My friend and colleague Eric Jonas points out that genomic data is a good example of properties one and two. While it might seem strange to call gene sequencing data “small,” keep in mind there are “only” a few billion human genomes on earth, each comprising a few billion letters. This means the vast majority of possible genomes — including many perfectly good ones — will never be observed; on the other hand, those that do exist contain enough letters that plenty of the patterns we find will turn out to be misleading: the product of chance, rather than a meaningfully predictive signal (a problem called over-fitting). The disappointing results of genome-wide association studies, the relatively straightforward statistical analyses of gene sequences that represented the first efforts to identify genetic predictors of disease, reinforce the need for approaches that incorporate more knowledge about how the genetic code is read and processed by cellular machinery to produce life.

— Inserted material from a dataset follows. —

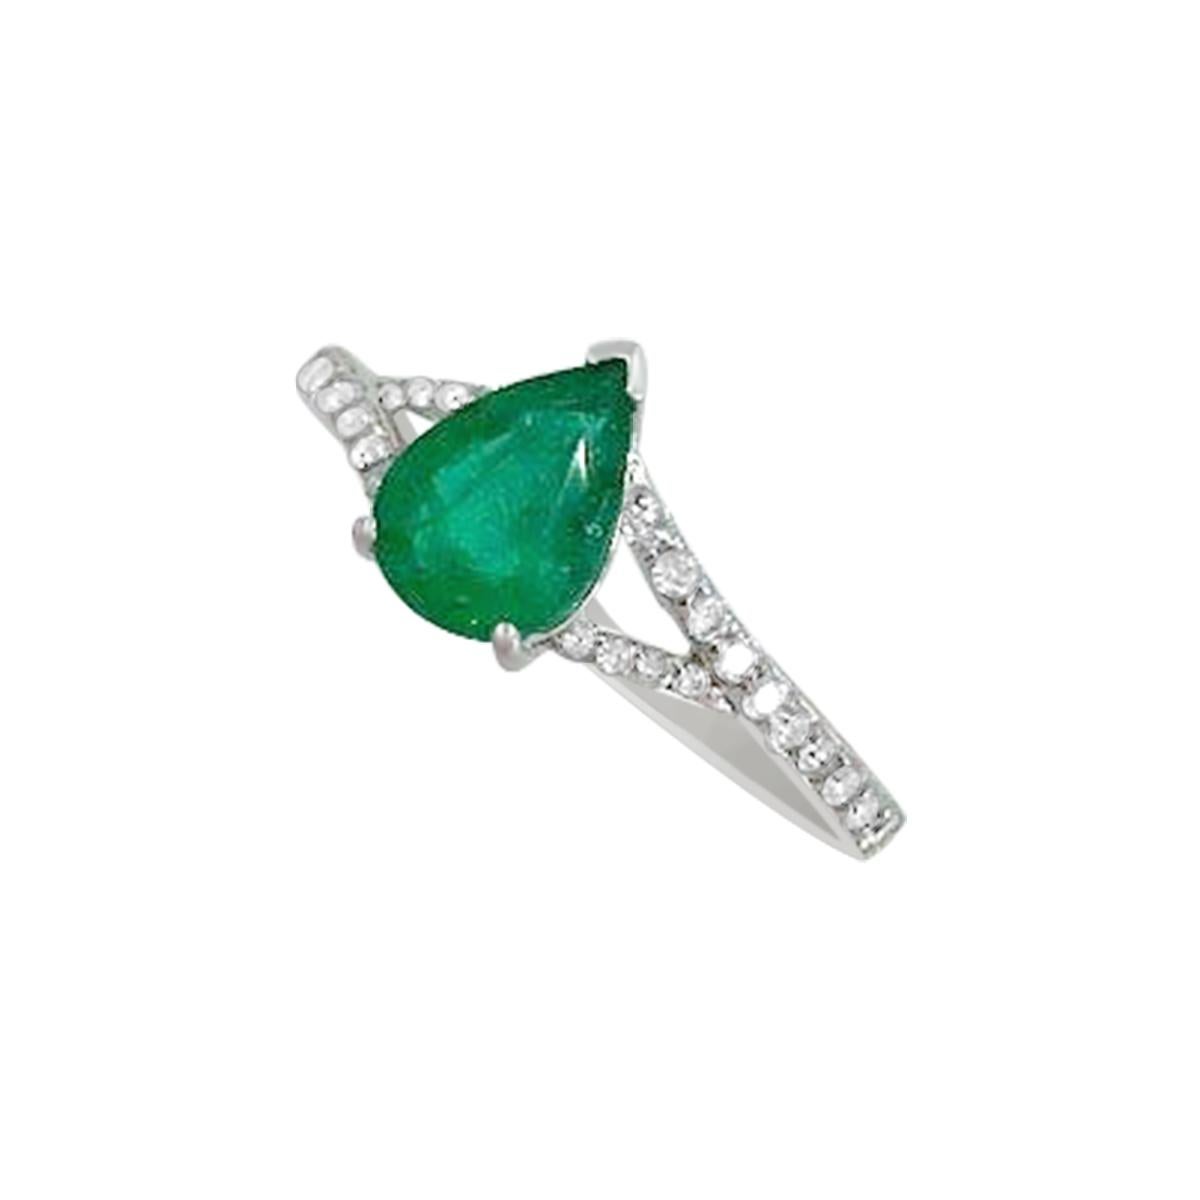 Modern 18K White Gold 0.99cts Emerald and Diamond Ring, Style# TS1024R

Another favorite example of mine is perception and autonomous navigation in unknown environments. Remember that Google’s cars would be completely lost anywhere without a pre-existing high-resolution map. While this might scale up to handle everyday driving in many parts of the developed world, many autonomous vehicle or robot applications will require the system to recognize and understand its environment from scratch, and adapt to novel challenges in real time. What about autonomous vehicles exploring new territory for the first time (think about an independent Mars rover, at one extreme), or that face rapidly-shifting or even adversarial situations in which a static map, however detailed, simply can’t capture the essential aspects of the situation? The bottom line is that there are many environments that can’t be measured or instrumented sufficiently to be rendered legible to Google-style machines.
Other candidates include the interpretation and prediction of company performance from financial and other public data (properties 1 and 2); understanding manufacturing performance and other business processes directly from sensor data, and suggesting improvements thereon (2 and 3); and mapping and optimizing the real information and decision-making flows within organizations, an area that’s seen far more promise than delivery (1, 2, and 3).
This is a long way from coherent advice, but it’s in areas like these where I see the opportunities. It’s not that the large Internet companies can’t go after these applications; it’s that these kinds of problems fit poorly with their ingrained assumptions, modes of organization, existing skill sets, and internal consensus about the right way to go about things. Maybe that’s not much daylight, but it’s all you’re going to get.